Respiratory syncytial virus disease: update on treatment and prevention.

机构信息

Winthrop University Hospital, Mineola, NY, USA.

出版信息

Expert Rev Anti Infect Ther. 2011 Jan;9(1):27-32. doi: 10.1586/eri.10.140.

Abstract

Respiratory syncytial virus (RSV) is the leading cause of acute lower respiratory tract infections in infants and young children, accounting for more than 100,000 hospitalizations per year in the USA. The majority of hospitalizations occur in infants less than 1 year of age.
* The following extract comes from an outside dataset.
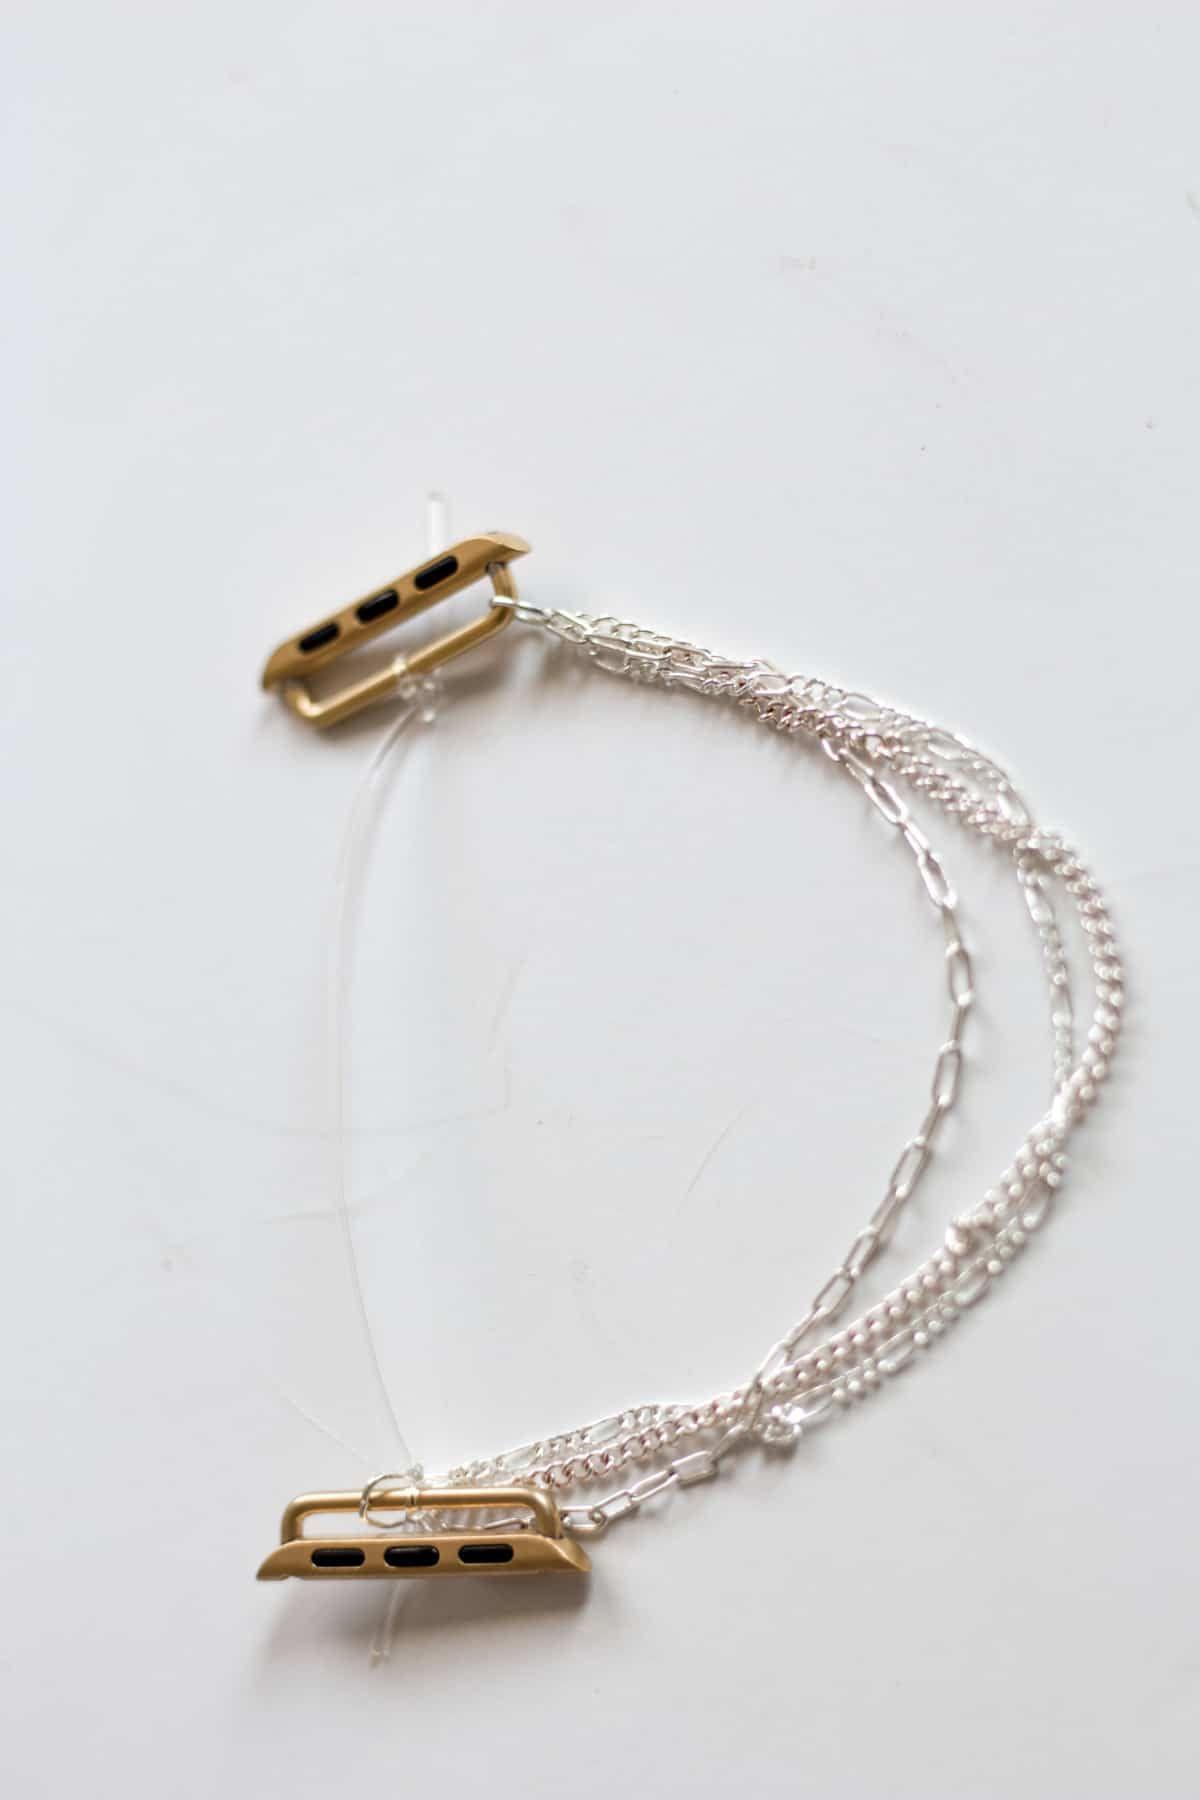 Diy Apple Watch Band Apple Watch Bands Women Apple Watch Bracelets Diy Watch Band

Worldwide, RSV is associated with an annual mortality rate of 160,000-600,000 deaths. Premature infants, and infants with congenital heart disease, neuromuscular disease, structural airway abnormalities and immunodeficiencies are at increased risk for severe RSV disease. Despite the magnitude of RSV disease, treatment remains primarily supportive. Trials of bronchodilators, corticosteroids and montelukast have not demonstrated conclusive clinical benefit. The antiviral drug ribavirin has demonstrated only marginal clinical benefit and is not routinely indicated in treatment of RSV disease. Palivizumab is beneficial in prophylaxis for infants at high-risk for severe RSV infection although optimal indications based on cost-effectiveness considerations have not been defined. Future directions in treatment and prevention of RSV infections likely include the second-generation monoclonal antibody motavizumab, more potent antiviral compounds and more unique anti-inflammatory agents. Vaccination against RSV is in development but not eminent.

摘要

呼吸道合胞病毒(RSV)是导致婴儿和幼儿急性下呼吸道感染的主要原因,在美国每年导致超过 100,000 例住院治疗。大多数住院病例发生在不到 1 岁的婴儿中。在全球范围内,RSV 每年导致 160,000-600,000 人死亡。早产儿和患有先天性心脏病、神经肌肉疾病、结构性气道异常和免疫缺陷的婴儿患严重 RSV 疾病的风险增加。尽管 RSV 疾病的规模很大,但治疗仍然主要是支持性的。支气管扩张剂、皮质类固醇和孟鲁司特的试验并未显示出明确的临床益处。抗病毒药物利巴韦林仅显示出轻微的临床益处,并且在 RSV 疾病的治疗中通常不适用。帕利珠单抗对高风险严重 RSV 感染的婴儿具有预防作用,但尚未根据成本效益考虑因素确定最佳适应证。RSV 感染治疗和预防的未来方向可能包括第二代单克隆抗体 motavizumab、更有效的抗病毒化合物和更独特的抗炎药物。针对 RSV 的疫苗正在开发中,但尚未普及。